A Bit about Numbers

Author

Darren Irwin

We have now learned some about how Julia remembers numbers as belonging to different types. Why is this? Isn’t a number just a number? Well, when it comes to storing them in computer, the answer is no. To understand why, let’s learn a little about how computers store information.

Binary memory

The great majority of computers today (and certainly your own personal computer) store information as a series of 1s and 0s. (You can equally well think of these as on/off or true/false.) A single 1/0 switch is called bit—the smallest unit of information that a computer can store.

A set of 8 bits is called a byte. The memory on a computer consists of gigantic grids of such bytes. When we talk about memory sizes of computers, we use terms like kilobytes (KB; 1,000 bytes, or 8,000 bits) or megabytes (MB; 1,000,000 bytes), and so forth.

Binary counting

So how can numbers other than 0 and 1 be stored? As a series of 0s and 1s, which are interpreted as a group according to some rule. For example, we can simply count in binary to convert our decimal (base-10) numbers to the way computers often store integers:

Decimal 0 can be stored as binary 0.
Decimal 1 can be stored as binary 1.
Decimal 2 can be stored as binary 10.
Decimal 3 can be stored as binary 11.
Decimal 4 can be stored as binary 100.
Decimal 5 can be stored as binary 101.

And so forth. You can see that storing larger integers requires more bits.

The take-home message here: For integers, there is a tradeoff between memory size and the range of integers that can be stored.

What about non-integers?

The above works fine for integers, but we often want to store numbers like 7.1 or 0.005 or sqrt(2). For this, people have come up with a clever way of encoding numbers called floating-point numbers, because you can think of it as storing numbers as an integer multiplied by a number that represents the magnitude (which adjusts where the decimal point goes).

This floating-point number system works great, but there is a limitation: In a fixed set of bits, there is a limit to the precision of such numbers. In other words, there are only certain values such numbers can take, with gaps between them. The more bits we dedicate to storing such numbers, the smaller these gaps are.
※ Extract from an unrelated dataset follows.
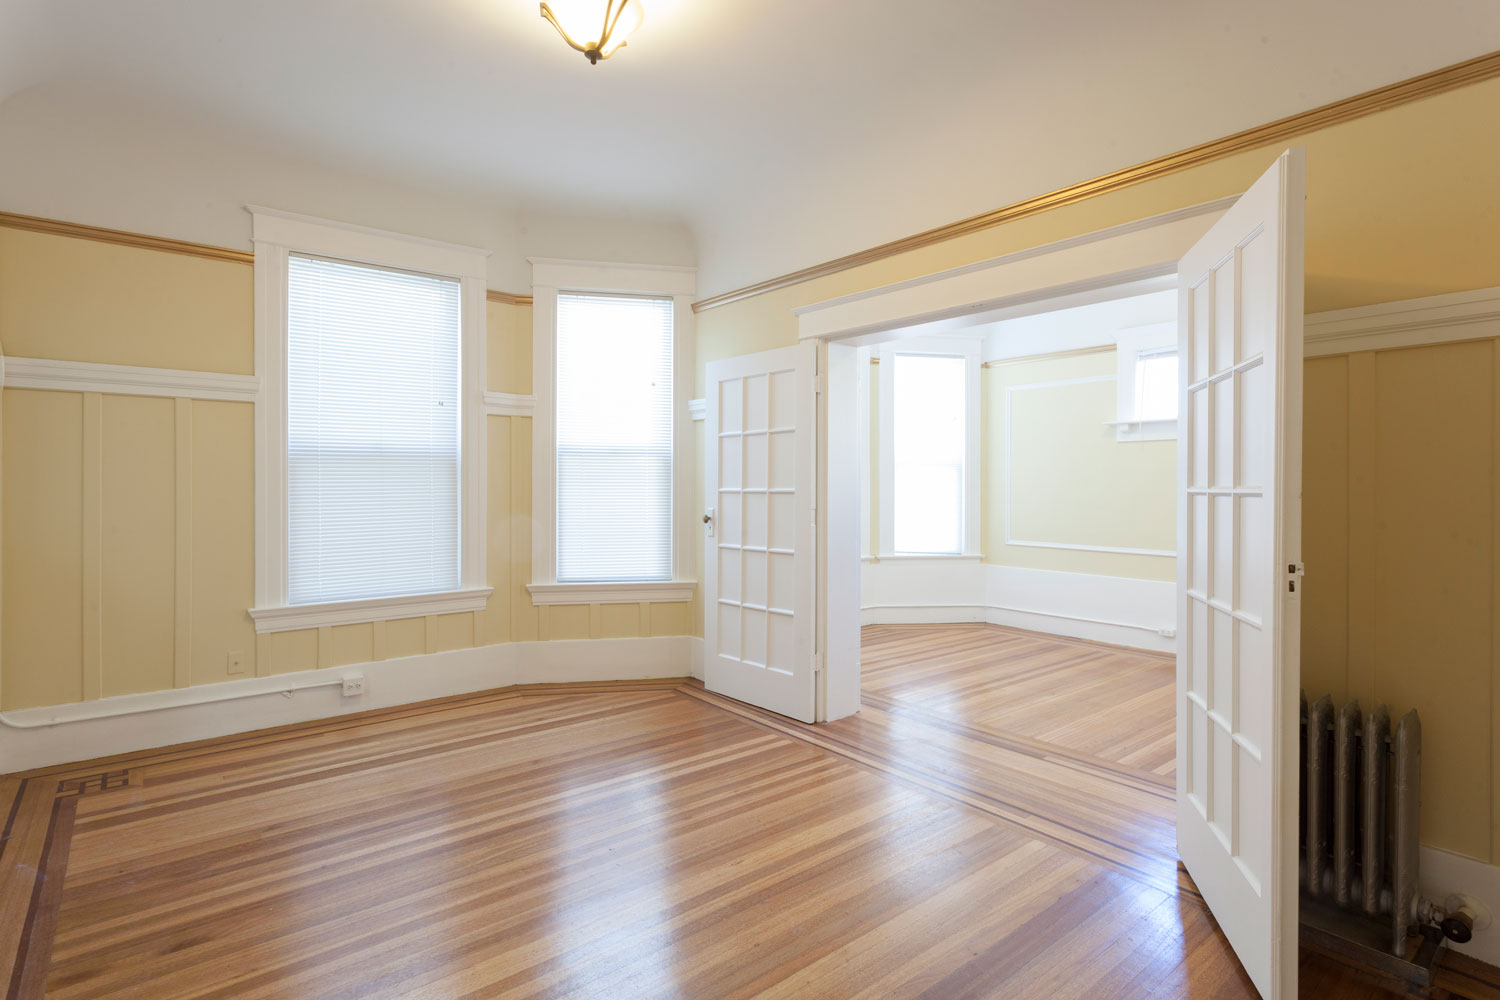 A gorgeous empty living room with wooden flooring, tan painted walls and white wooden painted door, What Color To Paint Interior Doors (6 Suggestions With Pictures)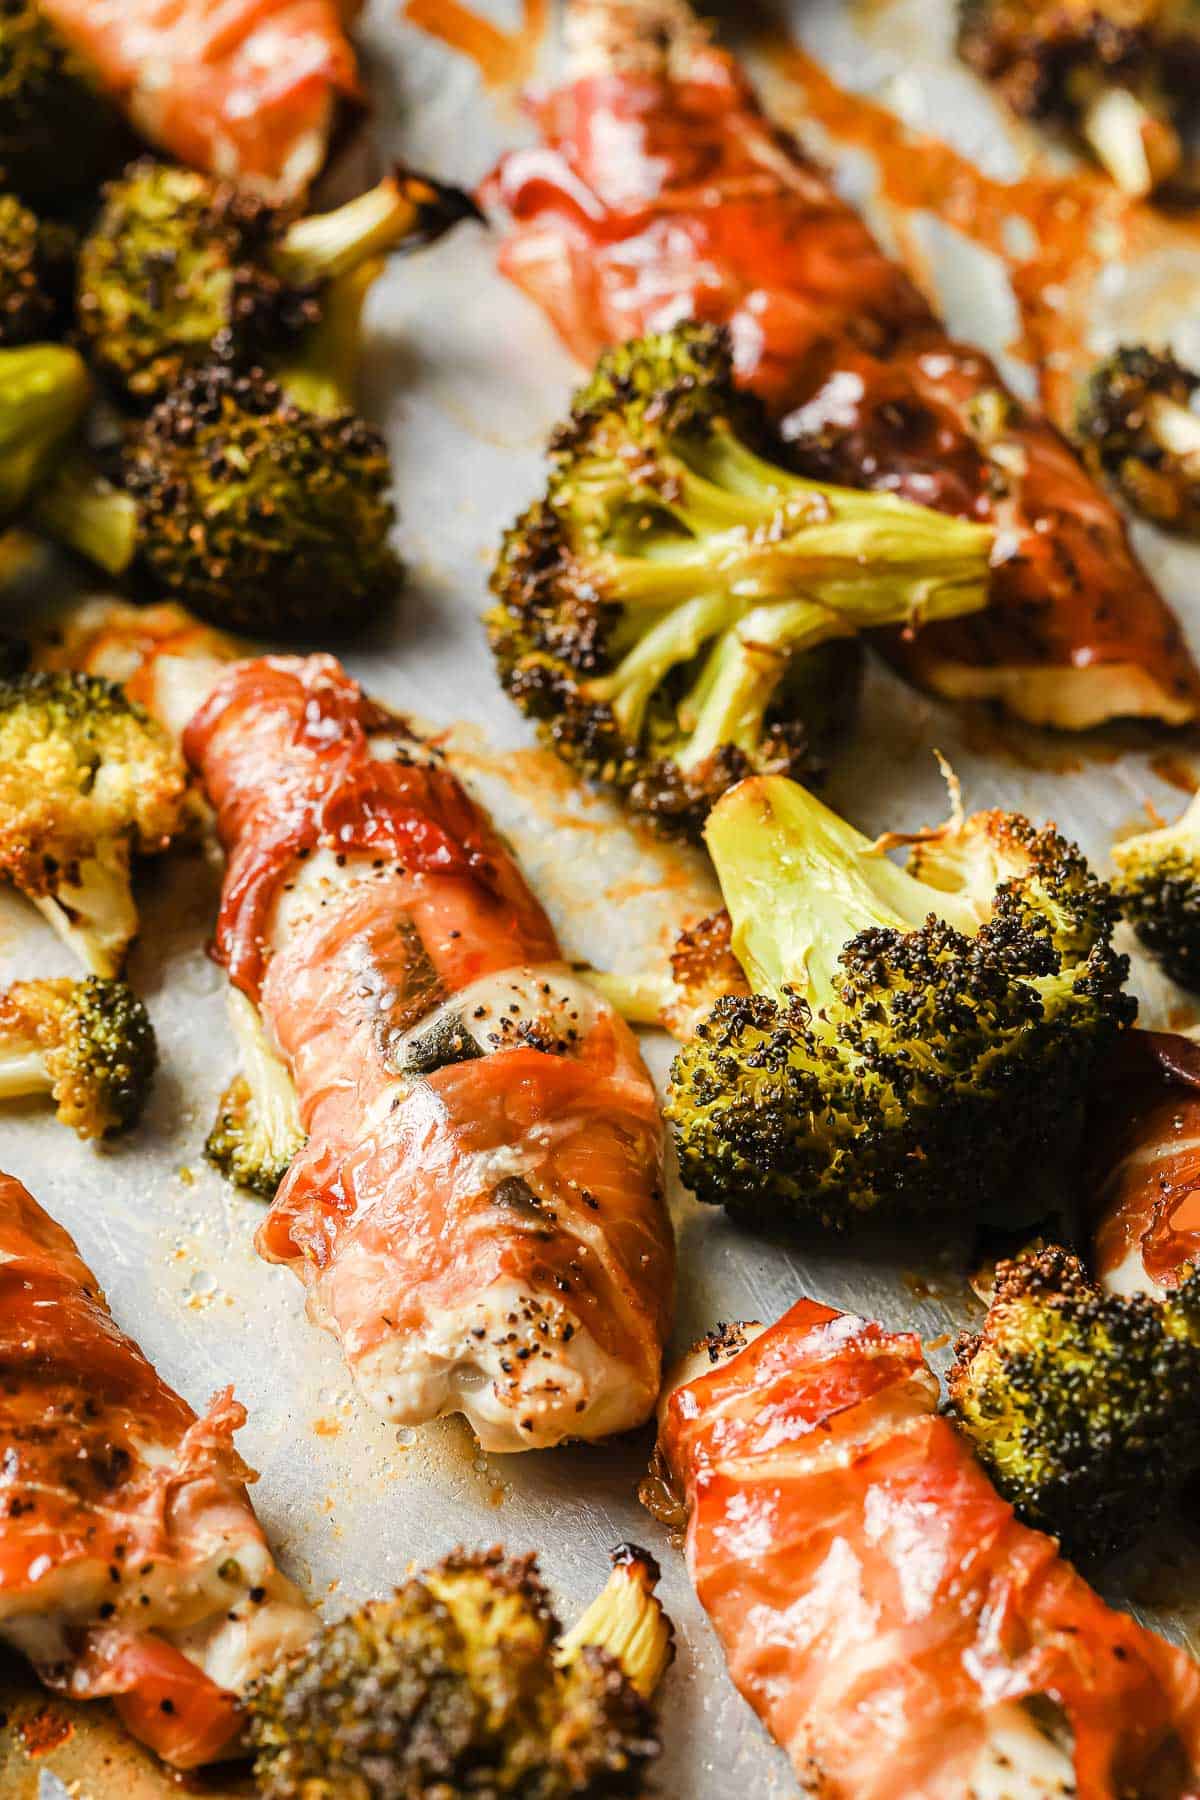 a rimmed baking sheet with roasted broccoli and prosciutto wrapped chicken.

The take-home message here: For floating-point numbers, there is a tradeoff between memory size and precision of the numbers stored.

Numbers in Julia

To learn a bit about how numbers are represented by different Julia types, we can use the bitstring() function:

bitstring(1)
"0000000000000000000000000000000000000000000000000000000000000001"

This shows us that the number 1 is stored as 63 0s and then a 1. This is Julia’s default way of storing integers, as type Int64 (a 64-bit integer).

Let’s try the same but use 1.0 instead:

bitstring(1.0)
"0011111111110000000000000000000000000000000000000000000000000000"

Here we have quite a different representation. This is because the number is now stored as type Float64 (a 64-bit floating-point number).

The about() function

We can learn more about how numbers are encoded by adding a nice little package called About:

using Pkg; Pkg.add("About")

This package has one function, wisely named about() as it tells us about objects (note though that it can only tell you about relatively simple objects).

using About
about(1)
Int64 (<: Signed <: Integer <: Real <: Number <: Any), occupies 8B.

 0000000000000000000000000000000000000000000000000000000000000001
 = +1

The highlighting tells you how the number is encoded (one bit for the positive sign, the rest for the integer)

about(1.0)
Float64 (<: AbstractFloat <: Real <: Number <: Any), occupies 8B.

 0011111111110000000000000000000000000000000000000000000000000000 
 ╨└────┬────┘└────────────────────────┬─────────────────────────┘
 +    2^0   ×                1.000000000000000000                
 = 1.0000000000000000

The result shows you which bits are for which components of the floating-point number.

Try about() on other objects

Play around with this function to learn about how other types of things are stored. (For example, about('x'), about("ACGT"), about(3//7), about(sqrt(2)), about(pi).)

Choosing types wisely

Why does all this matter? Well, if you don’t actually need 64 bits for your numbers, then you can tell Julia to store them in fewer bits, and this can increase efficiency (i.e., reduce memory and increase speed).

For example, if you know that a variable will only need to store integers ranging between -128 and 127, then you can specify that variable as an 8-bit integer:

x8 = Int8(39)
39
typeof(x8)
Int8
bitstring(x8)
"00100111"
about(x8)
Int8 (<: Signed <: Integer <: Real <: Number <: Any), occupies 1B.

 00100111 = +39

We have succeeded in storing the number 39 in only 8 bits rather than 64.

As another example, let’s say we need to store a floating-point number but we don’t need a lot of precision. Let’s store it as a 16-bit floating-point number:

pi16 = Float16(3.14159)
Float16(3.14)

Julia’s response indicates the rough level of precision that the number has been stored in (only 3.14). That may not be a wise choice for that one number, but imagine if you had millions of numbers stored in memory—perhaps that precision is good enough for what you are using them for, and cuts the memory by 75% (compared to Float64).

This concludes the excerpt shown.